IO (Scala)

Introduction

This documentation is in progress and some sections may be incomplete. More will be coming.

Components

ByteString

A primary goal of Akka's IO support is to only communicate between actors with immutable objects. When dealing with network IO on the jvm Array[Byte] and ByteBuffer are commonly used to represent collections of Bytes, but they are mutable. Scala's collection library also lacks a suitably efficient immutable collection for Bytes. Being able to safely and efficiently move Bytes around is very important for this IO support, so ByteString was developed.

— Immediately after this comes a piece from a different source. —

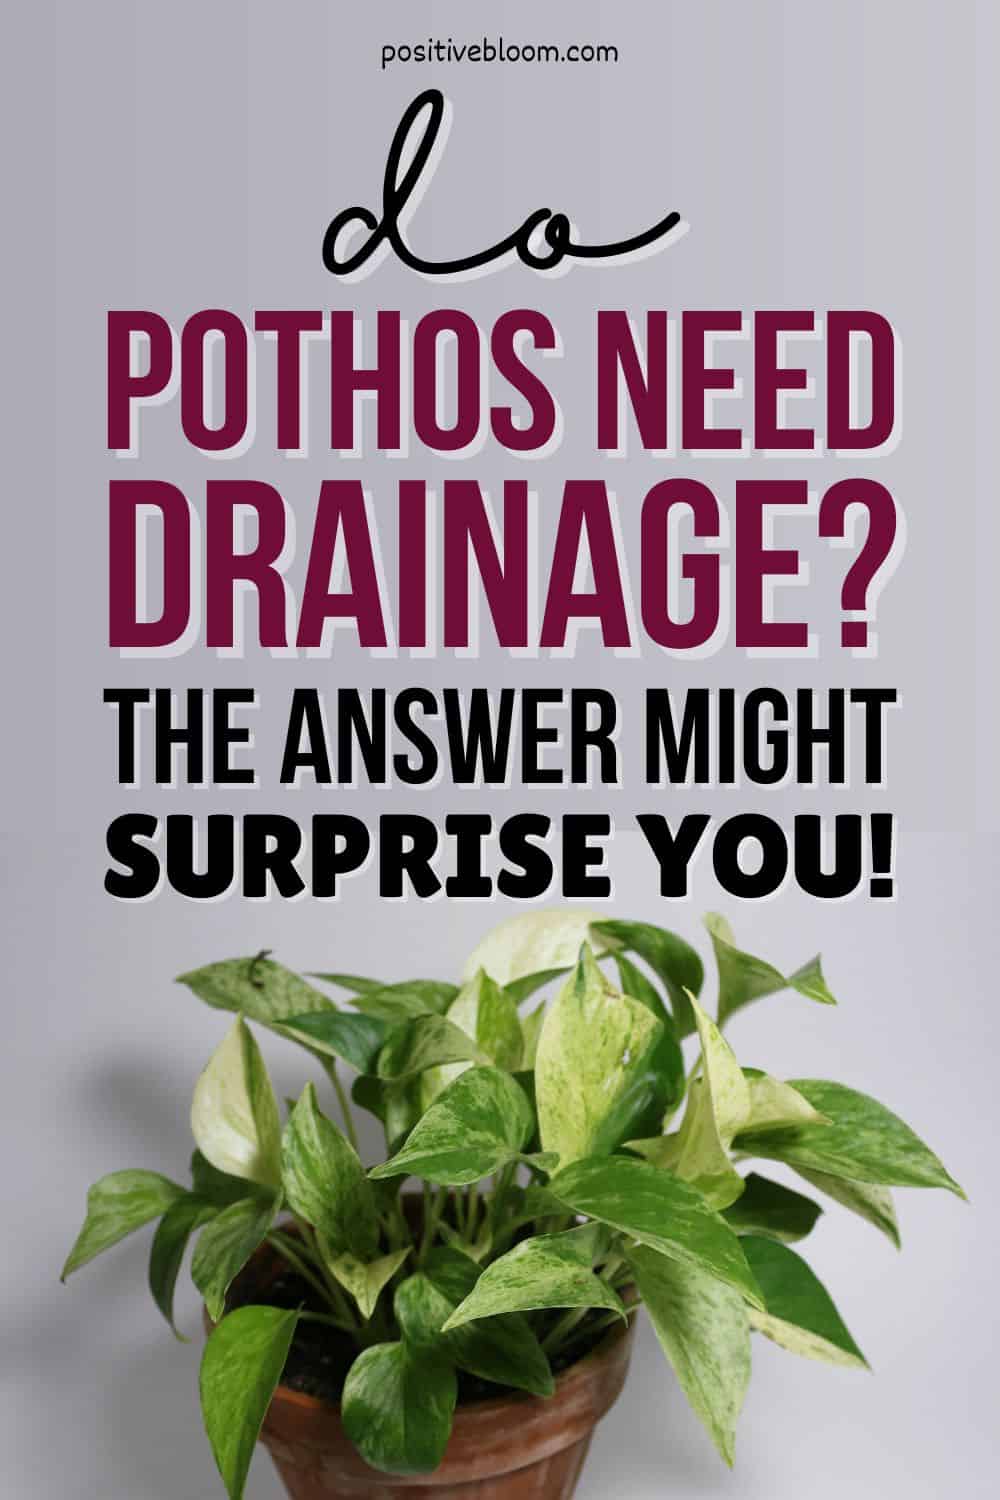 Do Pothos Need Drainage The Answer Might Surprise You! Pinterest

ByteString is a Rope-like data structure that is immutable and efficient. When 2 ByteStrings are concatenated together they are both stored within the resulting ByteString instead of copying both to a new Array. Operations such as drop and take return ByteStrings that still reference the original Array, but just change the offset and length that is visible. Great care has also been taken to make sure that the internal Array cannot be modified. Whenever a potentially unsafe Array is used to create a new ByteString a defensive copy is created. If you require a ByteString that only blocks a much memory as necessary for it's content, use the compact method to get a CompactByteString instance. If the ByteString represented only a slice of the original array, this will result in copying all bytes in that slice.

ByteString inherits all methods from IndexedSeq, and it also has some new ones. For more information, look up the akka.util.ByteString class and it's companion object in the ScalaDoc.

ByteString also comes with it's own optimized builder and iterator classes ByteStringBuilder and ByteIterator which provides special features in addition to the standard builder / iterator methods:

Compatibility with java.io

A ByteStringBuilder can be wrapped in a java.io.OutputStream via the asOutputStream method. Likewise, ByteIterator can we wrapped in a java.io.InputStream via asInputStream. Using these, akka.io applications can integrate legacy code based on java.io streams.

Encoding and decoding of binary data

ByteStringBuilder and ByteIterator support encoding and decoding of binary data. As an example, consider a stream of binary data frames with the following format:

frameLen: Int
n: Int
m: Int
n times {
  a: Short
  b: Long
}
data: m times Double

In this example, the data is to be stored in arrays of a, b and data.

Decoding of such frames can be efficiently implemented in the following fashion:

implicit val byteOrder = java.nio.ByteOrder.BIG_ENDIAN
 
val FrameDecoder = for {
  frameLenBytes ← IO.take(4)
  frameLen = frameLenBytes.iterator.getInt
  frame ← IO.take(frameLen)
} yield {
  val in = frame.iterator
 
  val n = in.getInt
  val m = in.getInt
 
  val a = Array.newBuilder[Short]
  val b = Array.newBuilder[Long]
 
  for (i ← 1 to n) {
    a += in.getShort
    b += in.getInt
  }
 
  val data = Array.ofDim[Double](m)
  in.getDoubles(data)
 
  (a.result, b.result, data)
}

This implementation naturally follows the example data format. In a true Scala application, one might, of course, want use specialized immutable Short/Long/Double containers instead of mutable Arrays.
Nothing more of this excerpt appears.